Task to complete ▸
Within the records below, find each line that holds the string "Pink", then copy it.
####################
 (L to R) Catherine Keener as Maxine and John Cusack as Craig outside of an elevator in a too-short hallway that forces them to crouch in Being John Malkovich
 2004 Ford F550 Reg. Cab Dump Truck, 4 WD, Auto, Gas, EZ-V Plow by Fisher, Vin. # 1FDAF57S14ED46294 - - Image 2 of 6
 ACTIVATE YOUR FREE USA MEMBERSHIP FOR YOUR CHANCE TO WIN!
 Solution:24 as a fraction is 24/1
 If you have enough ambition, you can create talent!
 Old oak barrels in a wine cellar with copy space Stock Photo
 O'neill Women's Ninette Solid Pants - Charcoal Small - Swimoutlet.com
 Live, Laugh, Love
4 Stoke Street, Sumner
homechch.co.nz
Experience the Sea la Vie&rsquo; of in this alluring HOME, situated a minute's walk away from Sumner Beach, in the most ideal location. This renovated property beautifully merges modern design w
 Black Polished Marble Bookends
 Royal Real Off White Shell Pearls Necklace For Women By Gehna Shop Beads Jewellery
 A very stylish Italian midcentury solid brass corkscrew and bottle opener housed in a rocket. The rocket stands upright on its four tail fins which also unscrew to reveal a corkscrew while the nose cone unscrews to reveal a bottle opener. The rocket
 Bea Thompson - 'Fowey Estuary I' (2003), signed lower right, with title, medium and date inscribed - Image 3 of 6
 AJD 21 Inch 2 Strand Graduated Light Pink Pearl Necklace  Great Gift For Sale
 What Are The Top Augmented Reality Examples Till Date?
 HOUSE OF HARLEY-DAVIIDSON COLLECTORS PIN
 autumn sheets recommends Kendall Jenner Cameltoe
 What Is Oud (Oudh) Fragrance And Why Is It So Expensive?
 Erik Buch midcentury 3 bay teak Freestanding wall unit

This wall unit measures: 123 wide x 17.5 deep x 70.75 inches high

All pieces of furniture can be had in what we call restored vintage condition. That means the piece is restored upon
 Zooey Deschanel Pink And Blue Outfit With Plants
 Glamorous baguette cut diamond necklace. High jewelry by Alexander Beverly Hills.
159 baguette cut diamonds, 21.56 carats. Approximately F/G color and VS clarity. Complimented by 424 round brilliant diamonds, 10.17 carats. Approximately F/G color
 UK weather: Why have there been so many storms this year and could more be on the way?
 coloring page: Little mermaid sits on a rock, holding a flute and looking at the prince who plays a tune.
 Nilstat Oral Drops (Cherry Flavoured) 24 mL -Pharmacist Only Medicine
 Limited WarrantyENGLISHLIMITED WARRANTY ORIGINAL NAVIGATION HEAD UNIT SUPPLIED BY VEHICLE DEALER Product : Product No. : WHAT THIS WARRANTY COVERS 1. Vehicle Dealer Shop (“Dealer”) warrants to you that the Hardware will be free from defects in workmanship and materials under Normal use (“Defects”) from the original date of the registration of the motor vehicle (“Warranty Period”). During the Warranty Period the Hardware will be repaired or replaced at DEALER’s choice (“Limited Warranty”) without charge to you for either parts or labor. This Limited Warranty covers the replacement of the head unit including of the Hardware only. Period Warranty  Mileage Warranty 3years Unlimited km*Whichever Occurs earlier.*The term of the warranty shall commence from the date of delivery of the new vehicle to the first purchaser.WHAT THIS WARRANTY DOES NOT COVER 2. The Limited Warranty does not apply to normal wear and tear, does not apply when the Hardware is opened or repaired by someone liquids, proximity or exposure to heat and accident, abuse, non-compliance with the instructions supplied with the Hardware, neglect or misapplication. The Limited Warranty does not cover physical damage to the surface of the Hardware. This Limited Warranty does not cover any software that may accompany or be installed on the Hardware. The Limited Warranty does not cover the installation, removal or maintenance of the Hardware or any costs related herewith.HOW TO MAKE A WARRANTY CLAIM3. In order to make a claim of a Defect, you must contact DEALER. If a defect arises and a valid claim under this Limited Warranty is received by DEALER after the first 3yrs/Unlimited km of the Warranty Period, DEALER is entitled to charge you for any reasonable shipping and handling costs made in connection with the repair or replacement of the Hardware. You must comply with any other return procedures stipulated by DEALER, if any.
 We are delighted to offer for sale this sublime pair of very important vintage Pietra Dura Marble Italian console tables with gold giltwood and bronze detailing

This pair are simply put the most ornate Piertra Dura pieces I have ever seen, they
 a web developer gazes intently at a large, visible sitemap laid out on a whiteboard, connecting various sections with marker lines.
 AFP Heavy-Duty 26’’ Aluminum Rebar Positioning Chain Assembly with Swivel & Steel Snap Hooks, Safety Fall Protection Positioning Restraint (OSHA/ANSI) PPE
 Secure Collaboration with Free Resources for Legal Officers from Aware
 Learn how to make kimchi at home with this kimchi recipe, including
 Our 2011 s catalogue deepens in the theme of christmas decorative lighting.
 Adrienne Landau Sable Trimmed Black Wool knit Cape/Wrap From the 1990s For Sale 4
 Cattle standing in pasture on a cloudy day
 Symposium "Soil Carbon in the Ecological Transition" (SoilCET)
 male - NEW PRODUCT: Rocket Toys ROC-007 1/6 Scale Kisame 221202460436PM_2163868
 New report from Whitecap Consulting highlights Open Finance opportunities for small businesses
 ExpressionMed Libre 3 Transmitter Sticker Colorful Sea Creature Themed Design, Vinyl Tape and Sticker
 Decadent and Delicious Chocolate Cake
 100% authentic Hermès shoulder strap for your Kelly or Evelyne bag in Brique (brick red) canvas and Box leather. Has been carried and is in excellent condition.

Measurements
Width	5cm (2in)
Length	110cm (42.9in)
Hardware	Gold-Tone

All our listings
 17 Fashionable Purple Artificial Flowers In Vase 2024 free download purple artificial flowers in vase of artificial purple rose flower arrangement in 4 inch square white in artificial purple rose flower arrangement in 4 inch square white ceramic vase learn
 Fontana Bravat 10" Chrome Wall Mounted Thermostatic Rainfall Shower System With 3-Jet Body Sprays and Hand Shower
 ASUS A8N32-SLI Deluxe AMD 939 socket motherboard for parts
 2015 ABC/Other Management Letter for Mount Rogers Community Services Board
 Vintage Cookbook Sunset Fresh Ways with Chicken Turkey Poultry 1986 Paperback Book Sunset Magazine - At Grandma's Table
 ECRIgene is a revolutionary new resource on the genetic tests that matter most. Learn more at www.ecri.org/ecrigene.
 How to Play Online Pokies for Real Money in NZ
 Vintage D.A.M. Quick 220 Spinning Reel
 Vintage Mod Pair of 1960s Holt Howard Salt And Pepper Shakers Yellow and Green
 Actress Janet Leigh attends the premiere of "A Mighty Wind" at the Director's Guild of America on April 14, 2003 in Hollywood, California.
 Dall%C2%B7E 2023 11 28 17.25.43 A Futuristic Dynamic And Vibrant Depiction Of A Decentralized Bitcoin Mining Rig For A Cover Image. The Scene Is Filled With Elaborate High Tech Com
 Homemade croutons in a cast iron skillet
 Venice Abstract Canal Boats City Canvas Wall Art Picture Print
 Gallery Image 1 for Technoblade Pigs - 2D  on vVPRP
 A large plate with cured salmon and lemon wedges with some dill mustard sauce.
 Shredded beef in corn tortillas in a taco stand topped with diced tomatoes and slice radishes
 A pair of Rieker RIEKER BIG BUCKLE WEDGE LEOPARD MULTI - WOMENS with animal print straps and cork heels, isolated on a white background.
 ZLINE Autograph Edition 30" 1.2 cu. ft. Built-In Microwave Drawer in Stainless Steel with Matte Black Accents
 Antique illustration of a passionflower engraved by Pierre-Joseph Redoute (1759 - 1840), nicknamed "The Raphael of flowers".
####################
Solution for this task ▸
 AJD 21 Inch 2 Strand Graduated Light Pink Pearl Necklace  Great Gift For Sale
 Zooey Deschanel Pink And Blue Outfit With Plants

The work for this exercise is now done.